On his Facebook page, Raf wrote about being stoned all day, enjoying “risky things,” and at times being “completely crazy.” He posted photos of himself in various states of a drug haze; in one, he is wrapped in surgical bandages and brandishing a meat cleaver. Although he had little experience with women for an Italian man of twenty-three—there was only one girlfriend before Amanda—he was actively, somewhat morbidly, fixated on sex. He masturbated constantly, according to many of his university acquaintances. And a counselor in his college dorm would testify to once walking in to see a “bestiality scene” on Raffaele’s computer.
Amanda and Raffaele had been lovers for only one week when Meredith was killed. The relationship was fresh and passionate, but it was not monogamous for Amanda. She was still romantically linked to DJ, her old boyfriend from Seattle, and was still bedding casual acquaintances. Amanda told her Greek friend Spiros that she felt slightly guilty starting up with Raffaele when she still had feelings for DJ, who was kept in the dark about her life in Perugia even though they
talked on Skype and e-mailed often. Two nights after Amanda and Raf got involved, she also hooked up once more with Daniel de Luna, the friend of her downstairs neighbors, and later included him on the list of sex partners in her prison diary. Nevertheless, Raf bragged to friends that he and Amanda were having sex three or four times a day, usually under the influence of marijuana or hashish. His father was not happy about the romance. In an intercepted phone conversation days after the murder, he told his son to “erase” Amanda from his mind. “Cancel her out.” After Raffaele’s arrest, his father told ABC News, “She has ruined my son’s life. I damn the day he met her.”
While Raf appeared to have a bottomless bank account, Amanda had always struggled to pay her own way. She worked three jobs while attending university back in Washington and scrimped to save the money for a year abroad. She worked every night but Monday at Patrick Lumumba’s Le Chic bar, waiting tables and handing out flyers for the bar’s events. But Patrick had been heard to complain that Amanda spent more time talking and flirting with customers than she did selling drinks. He was about to fire her and was considering hiring Meredith for her job. Amanda was scheduled to work on November 1, the night after Halloween.

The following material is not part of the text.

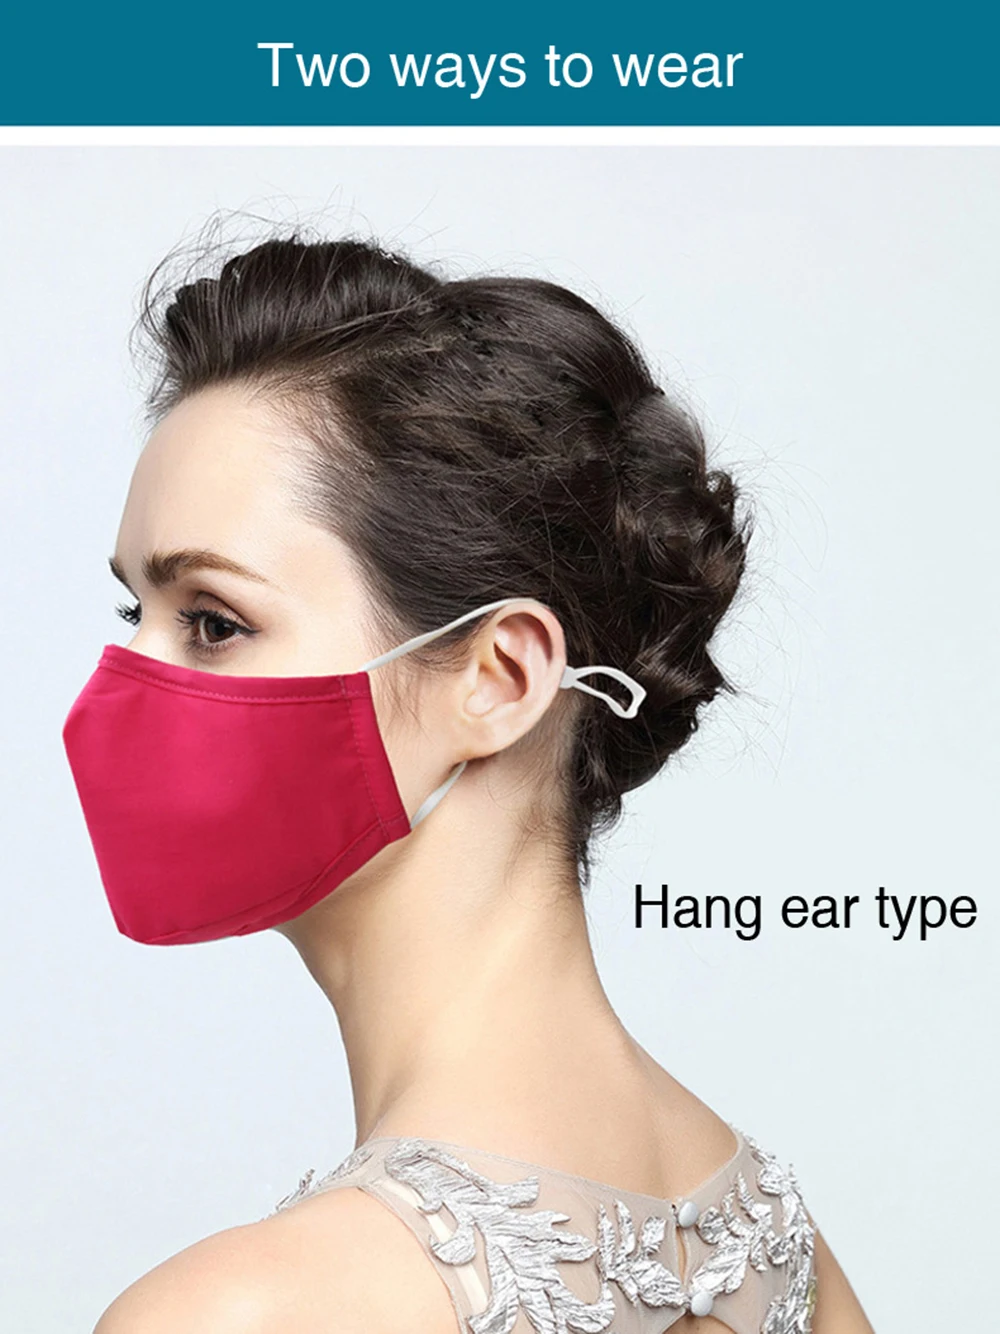 Дыхательный клапан хлопок Анти-пыль рот маска PM2.5 анти дымка маска унисекс фильтр с активированным углем респиратор рот Муфельная маска лицо
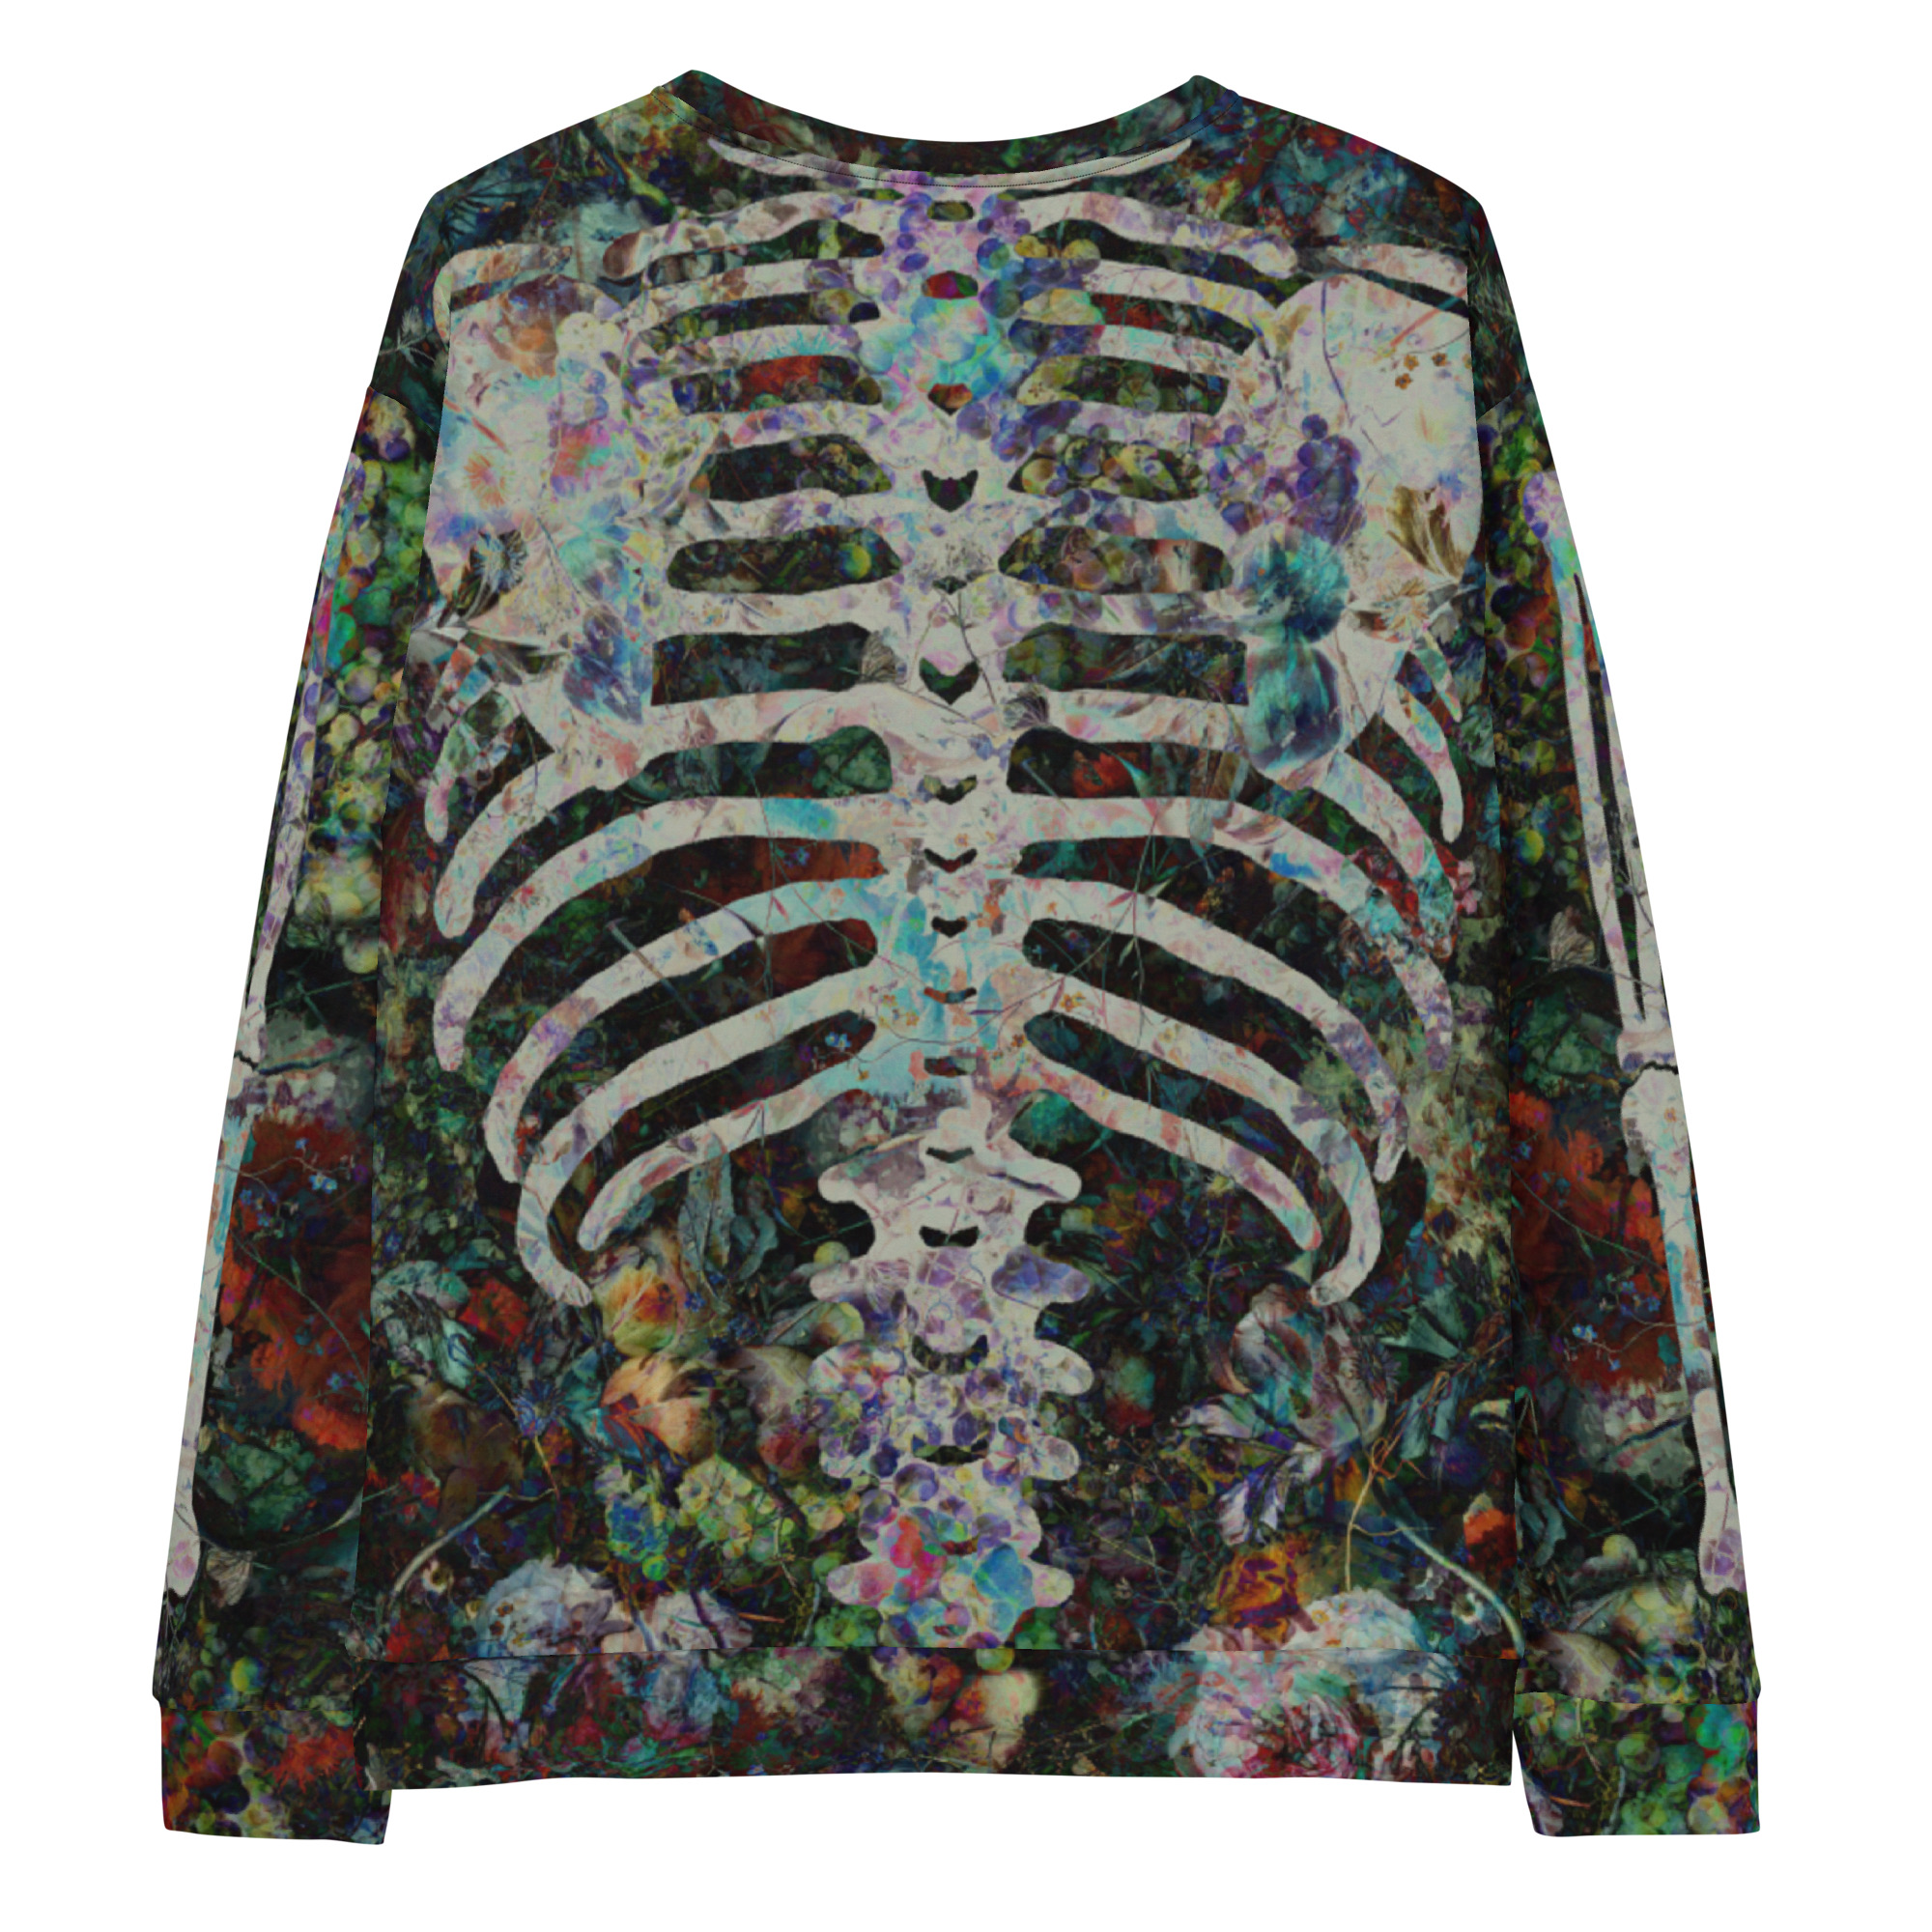 Featured image for “Victorian Bones - Unisex Sweatshirt”

Italians do not celebrate Halloween, but the next day, All Souls’, is an important holiday. That’s the day when the spirits of the dead come to visit the living, and family members light candles and leave flowers at the graves of their loved ones. Perugia emptied out for the long holiday weekend. Both Laura and Filomena, eager to avoid the debauchery sure to accompany the foreign students’ Halloween parties, made plans to stay away. Filomena went to her boyfriend’s house, and Laura went home to Viterbo. Giacomo and the guys downstairs all went home to visit the graves of their aunts, uncles, and grandparents. Both Amanda and Meredith stayed out late on Halloween. Amanda worked at Le Chic and then went to a party until 5 A.M.; Meredith party-hopped until 6:30 A.M. Amanda then went to bed at Raffaele’s and returned home around 11 A.M. the next day to take a shower and change clothes. Meredith was there alone, and they chatted briefly. Amanda later recounted that Meredith’s jowls were still stained with the fake blood of her vampire costume. Raffaele arrived soon after Amanda got out of the shower, and the two went off to Amanda’s bedroom, where they say they had sex and took a nap.
Giacomo had left a key to the lower apartment with Meredith and asked her to look out for their adopted
stray cat and water the marijuana plants he kept under fluorescent lights in a narrow hallway. Meredith studied for a few hours, trying to finish a paper that was due on Monday, and then went downstairs to water the pot. When she finished, she sent Giacomo a flirty text message saying how excited she was to see him when he got back.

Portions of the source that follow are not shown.